YOKSULLUK: Seçim meydanlarının en hararetli tartışma konusu yoksul kesime yapılacak yardım oldu. CHP Aile Sigortası’nı gündeme getirdi. MHP, ‘Hilal Kart’ ile yoksullara alışveriş imkânı sağlanacağını vaat etti. AKP de 14 kanaldan yapılan yardımların tek elde toplanacağını açıkladı. Seçimden sonra her iki partinin de gündemi yoksulluk, yoksullara yardım olacak.
İSRAİL’LE İLİŞKİLER: Geçen yıl Mavi Marmara gemisine yapılan saldırıyla Türkiye ve İsrail arasında gerginlik had safhaya ulaştı. Türkiye özür ve tazminat talepleri karşılanmadan ilişkilerini normalleştirmeyeceğini ifade ederken, İsrail ise bu konuda taviz vermeyeceğini belirtiyor. Yeni geminin haziran sonunda Gazze’ye doğru yola çıkması bekleniyor. Hükümet ise İHH’ye oluşan yeni koşulları dikkate alması gerektiğini ve Mısır’ın açtığı Refah sınır kapısına ağırlık vermesi gerektiğini telkin ediyor.
KIBRIS: BM Genel Sekreteri Ban Ki-moon temmuz ayında Kıbrıs’ta iki liderle üçlü bir toplantı yapacak. Şu ana kadar Ada’da BM öncülüğünde süren müzakerelerde ne kadar mesafe alındığı değerlendirilecek. Müzakerelerin devamı ve Ada’nın birleşmesi için bu görüşme kritik önem taşıyor.
SURİYE-LİBYA: Suriye’de son dönemde yaşananlar ve Türkiye’ye başlayan göç dalgası gelecek dönemin en kritik konularından birisi. Libya’da süren NATO müdahalesi de yine gelecek dönemde Türkiye’nin gündeminde olacak.
NÜKLEER VE HES’LER: Hükümetin, enerji gereksinimi gerekçe göstererek ısrarla arkasında durduğu nükleer santrallara karşı, başta çevre örgütleri olmak birçok sivil toplum örgütü tepkilerini sürdürüyor. Akkuyu’da kurulması öngörülen Türkiye’nin ilk nükleer santralına iktidar partisinin yanı sıra Meclis’e girmesi olası diğer siyasi partiler de açık tavır koymadı. Çevre için bir diğer konu da hidroelektrik santrallar (HES). HES’lerin, doğal ortamı tahrip ederek kurulduğu yerlerdeki insanları topraklarından edeceği itirazı, yeni Meclis ve iktidarın alacağı kararlarda çok rahat olamayacağının göstergesi.
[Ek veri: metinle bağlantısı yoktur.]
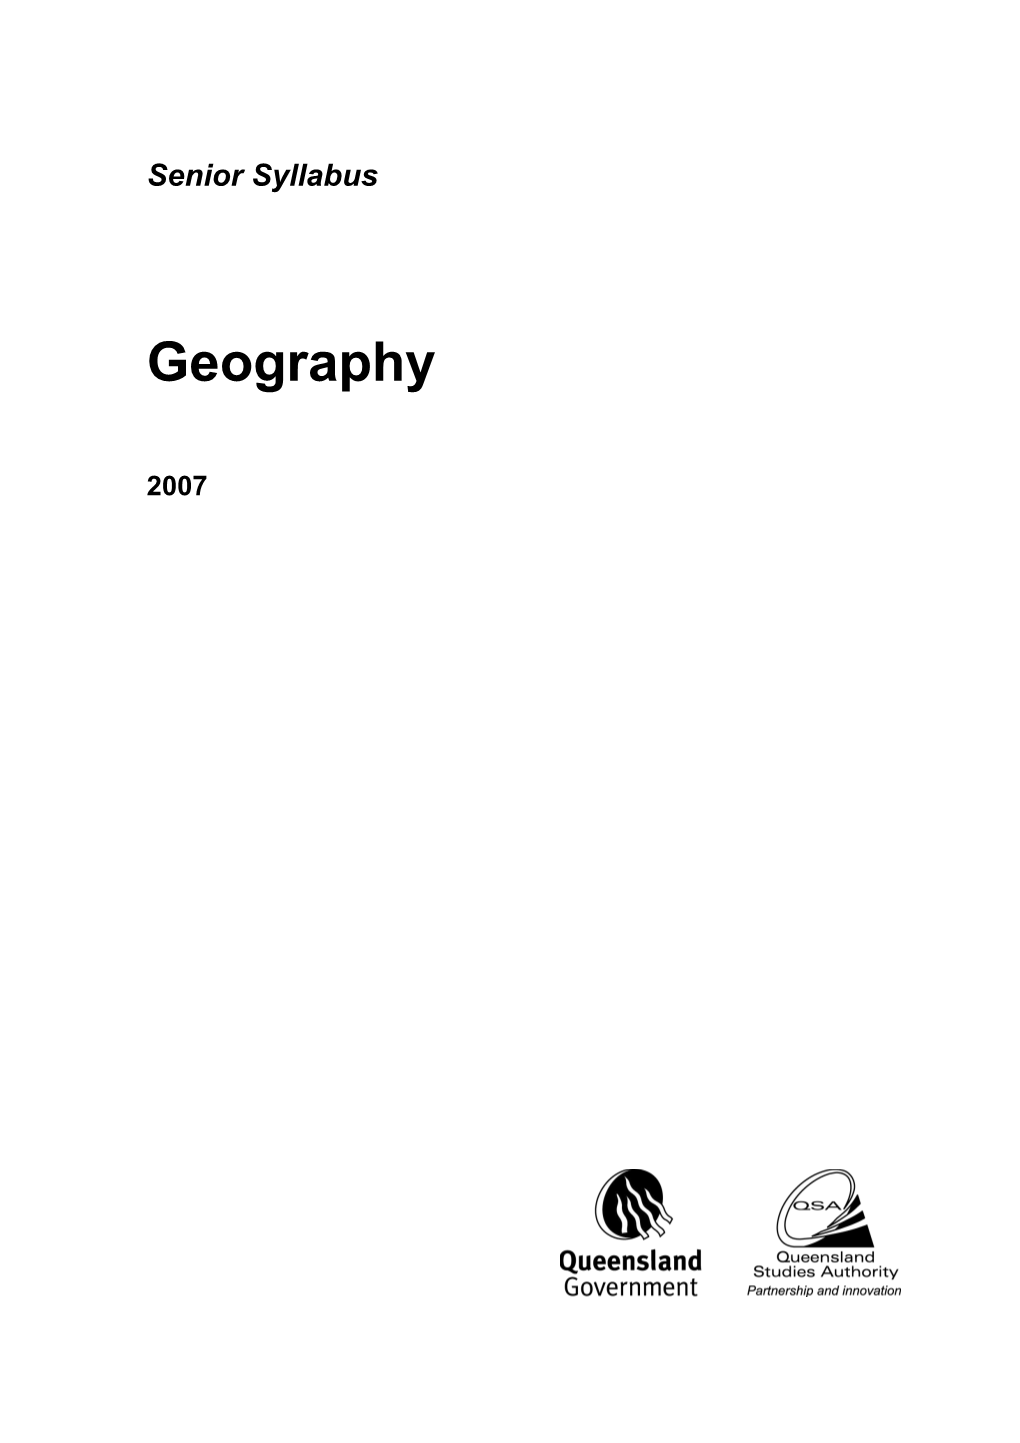 Geography (2007) Senior Syllabus

12 Eylül’ün anayasası hâlâ yürürlükte
YENİ ANAYASA: 1982 Anayasası yürürlüğe girdiği ilk günden beri hep tartışıldı. Bugüne kadar pek çok maddesinde değişiklik yapıldı. Yeni anayasa ihtiyacı ise özellikle 22 ve 23. dönemde açık bir şekilde ifade edildi. 23. dönemde anayasada kısmi değişiklikler yapılarak referandumla kabul edildi ancak yeterli görülmedi. Bu nedenle yeni Meclis’in ana konusu da yeni bir anayasa olacak. Yeni anayasa bütün partilerin vaatleri arasında yer alıyor. Yeni anayasada ifade özgürlüğü başta olmak üzere, temel hak ve özgürlüklerin egemen olacağı dile getiriliyor, ancak herkesin beklentileri farklı. Özellikle MHP’nin ‘kırmızı çizgileri’, BDP’nin ise ‘tartışmalı talepleri’ anayasa sürecinin sancılı geçeceğini gösteriyor.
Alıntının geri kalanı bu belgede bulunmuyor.